Le Carême n’est « pas une collecte de bonnes actions », c’est « discerner vers où est orienté notre cœur ». Où mène « le navigateur de ma vie, vers Dieu ou vers mon moi ? (…) Ai-je un cœur “qui danse”, qui fait un pas en avant et un pas en arrière, qui aime un peu le Seigneur et un peu le monde, ou bien un cœur ferme en Dieu ? » Et l’on se découvre soudain un cœur « fermé », « rouillé », « refroidi », « anesthésié »…
Et François de scander : « Nous avons besoin de la guérison de Jésus, il nous faut mettre devant lui nos blessures et lui dire : “Jésus, je suis ici devant toi, avec mon péché, avec mes misères. Tu es le médecin, tu peux me libérer. Guéris mon cœur.” »
2. Arrêter de s’agiter
François appelle à « ralentir notre vie qui va toujours au pas de course, mais souvent ne sait pas bien où ». « Arrête-toi un peu, dit-il. Laisse cette agitation et cette course insensée qui remplit le cœur de l’amertume de sentir que l’on n’arrive jamais à rien. »
« Arrête-toi, reprend-il, laisse cette injonction à vivre en accéléré qui disperse, divise et finit par détruire le temps de la famille, le temps de l’amitié, le temps des enfants, le temps des grands-parents, le temps de la gratuité… le temps de Dieu. »
3. Rechercher le silence
« Arrête-toi un peu devant le bruit assourdissant qui atrophie et étourdit nos oreilles et qui nous fait oublier le pouvoir fécond et créateur du silence », intime François.
Le pape dénonce la pollution sonore. « Nous sommes submergés de paroles vides, de publicités, de messages insidieux. Nous nous sommes habitués à entendre de tout sur tous et nous risquons de sombrer dans une mondanité qui atrophie notre cœur et il n’y a pas de pontage pour guérir cela, mais seulement le silence. »

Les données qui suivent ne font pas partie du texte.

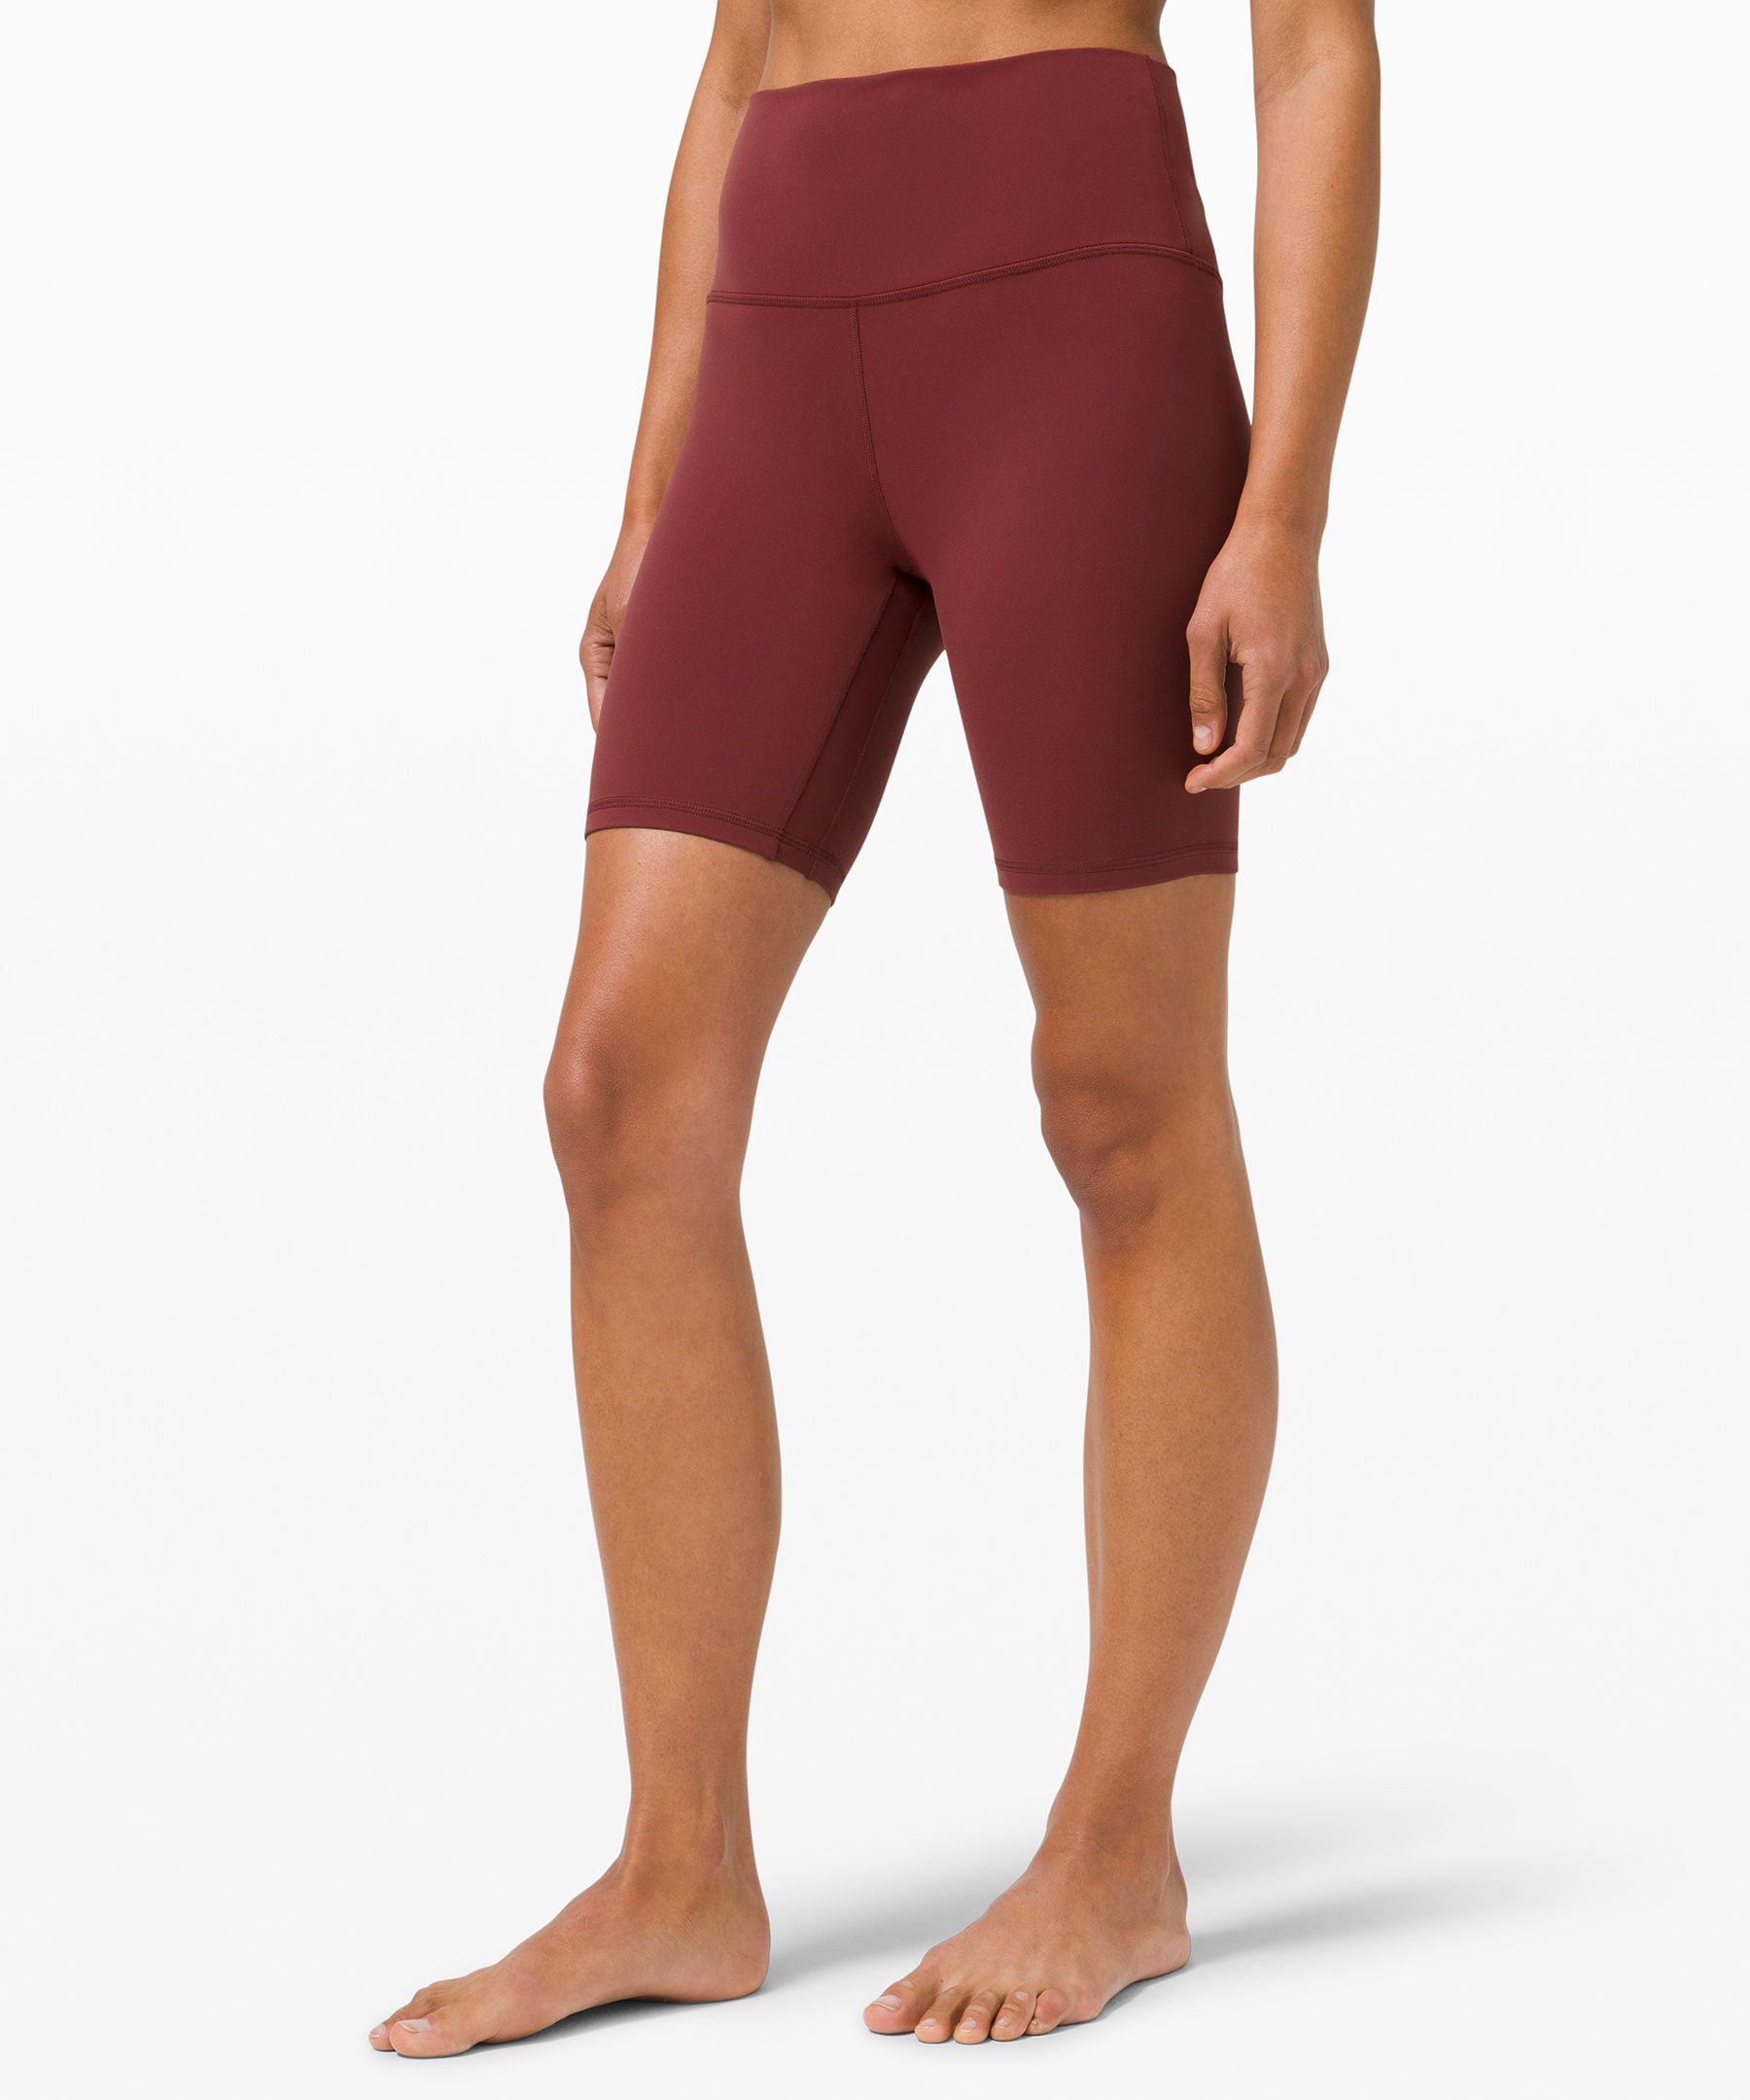 Lululemon Align™ High-rise Shorts 8"

« Il n’est pas facile de faire silence dans son cœur, prévient-il, car nous cherchons toujours à parler un peu, à être avec les autres. » Pourtant, la « vraie conversion » est au prix de ce silence. Grâce à lui, le croyant peut rentrer en lui-même et se « mettre à l’écoute de la Parole de Dieu ».

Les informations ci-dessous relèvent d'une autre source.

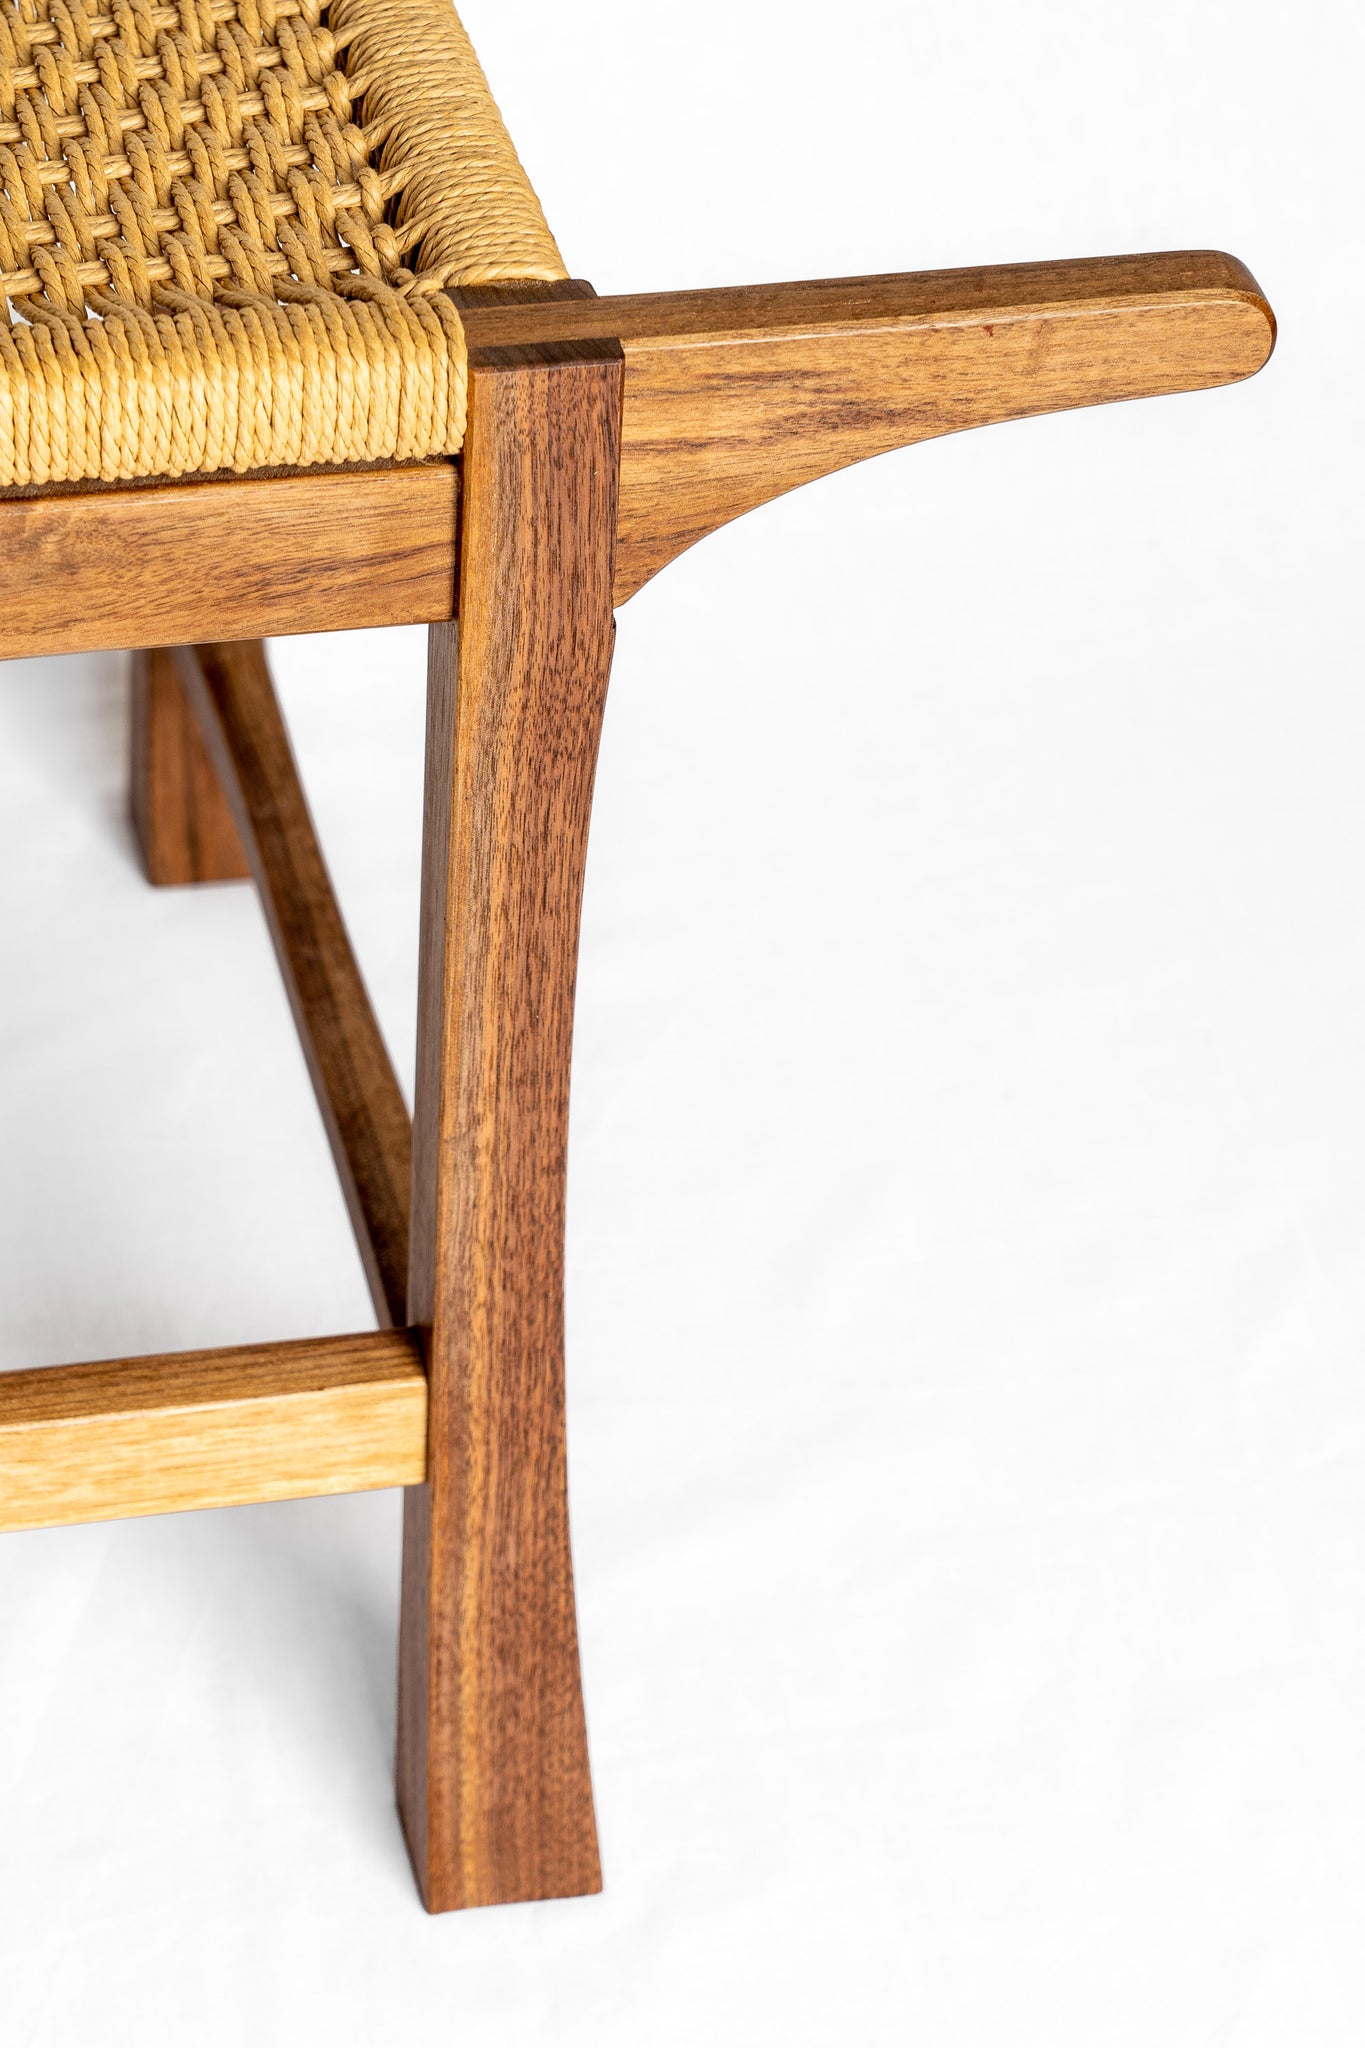 Danish Weave Bench – Qualizza Fine Woodworking

4. Se détacher du smartphone
Aller au désert, durant le Carême, c’est se « détacher du téléphone portable » pour se « connecter à l’Évangile ». Jeûner, insiste François, « c’est savoir renoncer aux choses vaines, au superflu, pour aller à l’essentiel ». C’est renoncer au culte du selfie. « Arrête-toi un peu devant la nécessité d’apparaître et d’être vu par tous, d’être continuellement “à l’affiche”, ce qui fait oublier la valeur de l’intimité et du recueillement. »

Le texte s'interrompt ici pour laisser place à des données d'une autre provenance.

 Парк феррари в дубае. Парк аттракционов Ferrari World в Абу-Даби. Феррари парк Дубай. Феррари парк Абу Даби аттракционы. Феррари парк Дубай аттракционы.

Le pape pointe du doigt « la maladie de l’apparence, aujourd’hui dominante ». C’est « unegrande tromperie » parce que l’apparence est « comme une flambée : une fois finie, il reste seulement la cendre ». Faisons un « diagnostic des apparences que nous recherchons », indique-t-il, « essayons de les démasquer. Cela nous fera du bien ».
Se tenir éloigner du téléphone, c’est aussi vouloir mettre le holà « aux paroles inutiles, aux bavardages, aux rumeurs, aux médisances », à la « violence verbale », aux « mots blessants et nocifs, que le réseau amplifie ». C’est aussi refuser la « critique grossière et rapide » et les « analyses simplistes qui ne réussissent pas à embrasser la complexité des problèmes humains, spécialement les problèmes de tous ceux qui souffrent le plus ». Ce « nettoyage » se révèle nécessaire pour atteindre une « saine écologie du cœur ».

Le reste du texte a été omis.